I thought I'd make a summary of where I'm at. Here are the issues I found
and what I did about it:

- We ran into an Ansible issue that the PR
https://github.com/ansible/ansible/pull/50381 fixes. I've asked pingou to
patch batcave since it's basically a one-liner that will keep working with
the older prod version.

- When starting a RabbitMQ cluster from scratch, there is a race condition
that is documented here:
https://www.rabbitmq.com/cluster-formation.html#initial-formation-race-co...
  On nodes 02 and 03, I've just destroyed the database and let it
auto-detect the cluster again
  # systemctl stop rabbitmq-server && rm -rf /var/lib/rabbitmq/mnesia/ &&
systemctl start rabbitmq-server
  It worked fine.

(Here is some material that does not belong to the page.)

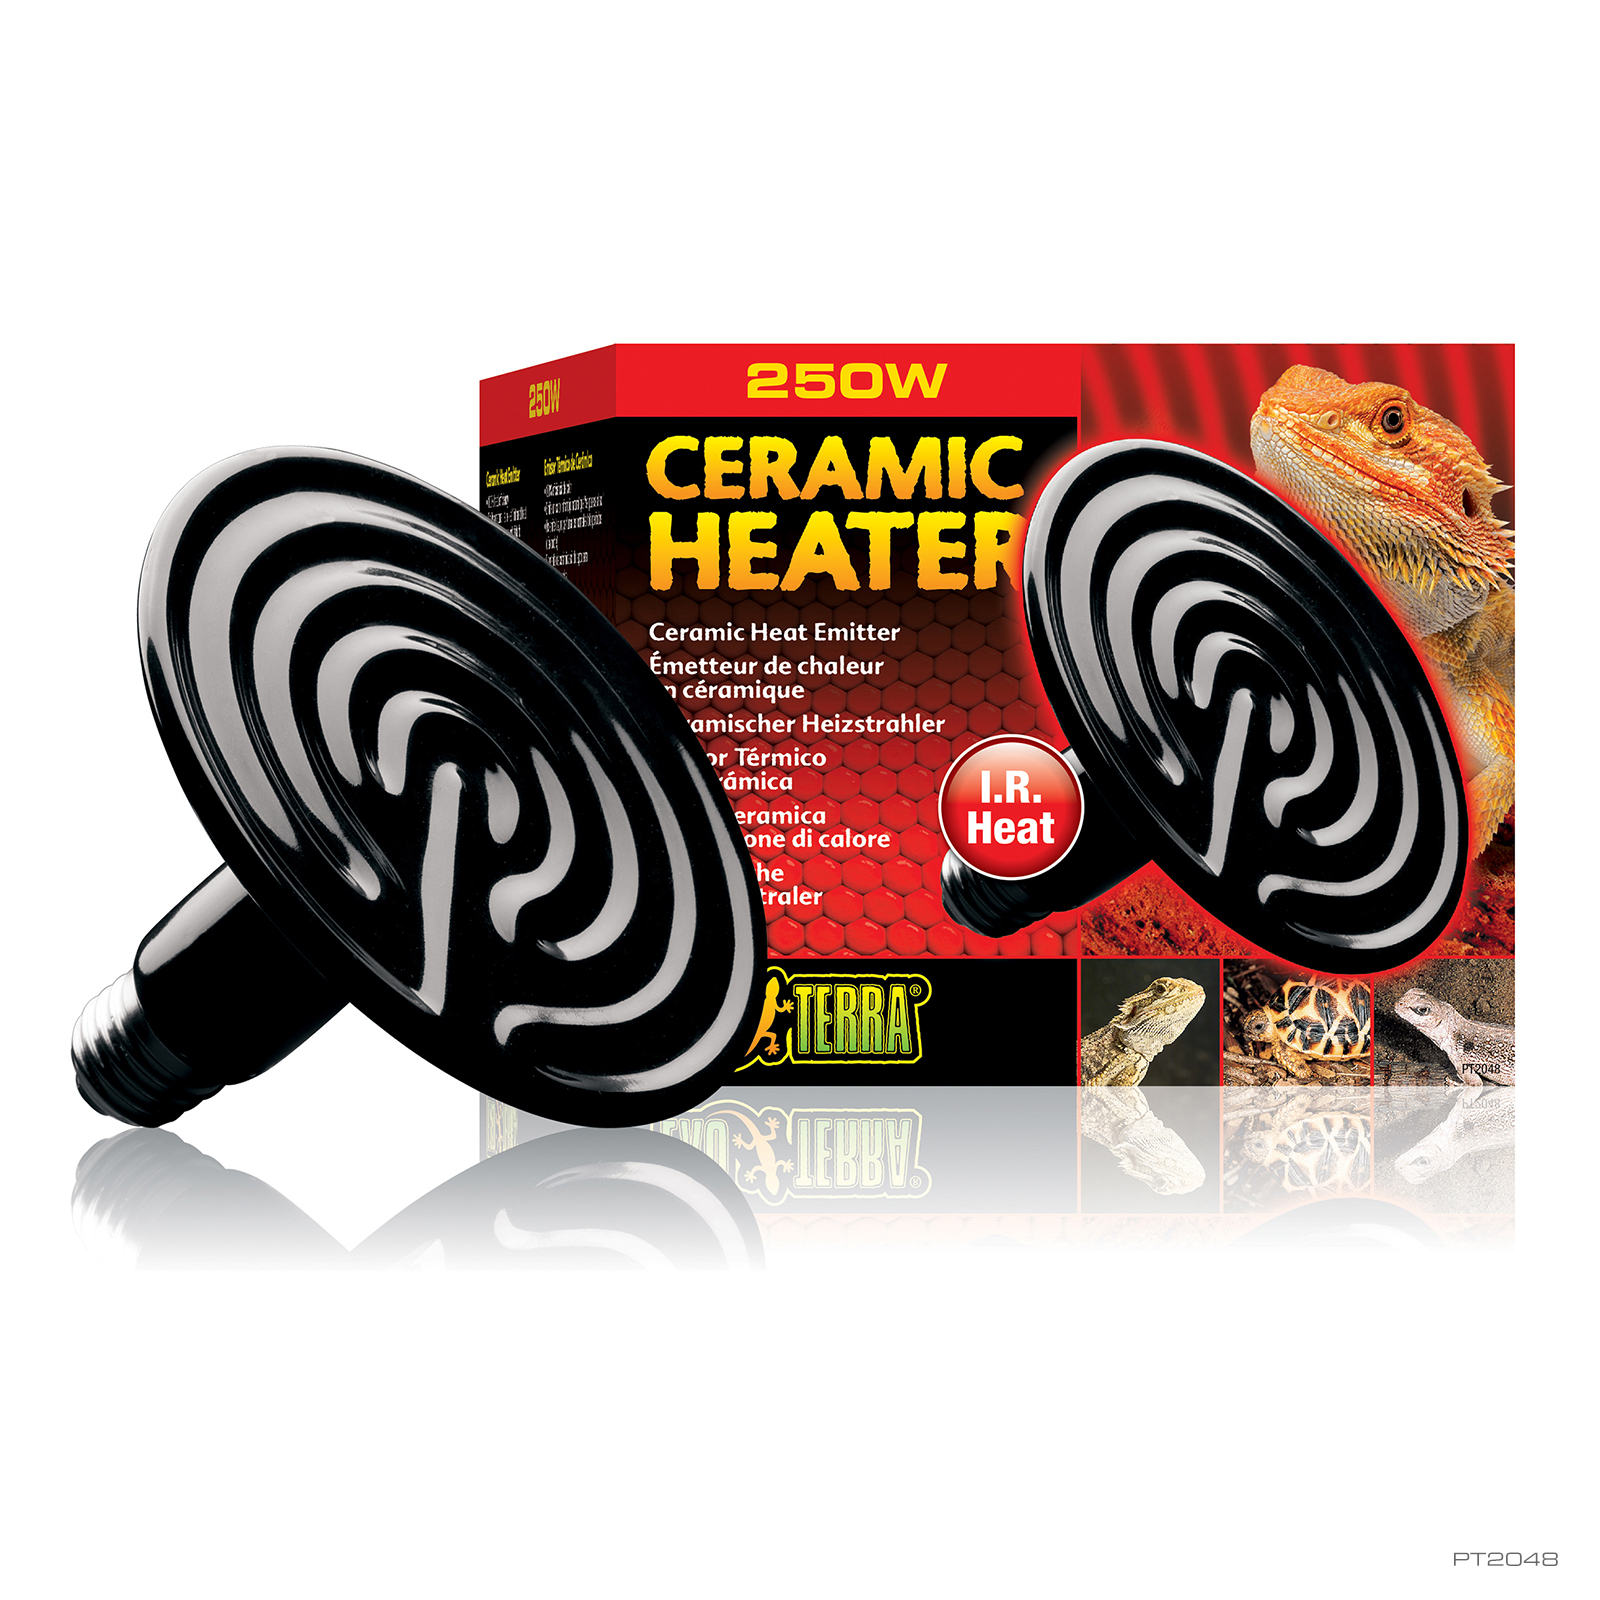 Ceramic Heater 250W

I checked with "rabbitmqctl list_users" that all nodes
had the same users declared.

- I've also fixed a couple things in the playbooks that assumed the cluster
to be up and setup already.

- I've rebuilt collectd-rabbitmq for EPEL8 but we currently only install it
on production apparently (not sure why, I think it could be useful in
staging.

- The nagios-plugins-rabbitmq RPM still fails to install because of a
dependency bug in perl-Monitoring-Plugin, I've opened a ticket about it:
https://bugzilla.redhat.com/show_bug.cgi?id=1803121

Now, we need to recreate the queues, users and bindings, and I don't have
the permissions to run all the playbooks. If someone could run the master
playbook limited on staging and on the rabbitmq_cluster tag, I think it
should recreate all users and queues and we should be all set.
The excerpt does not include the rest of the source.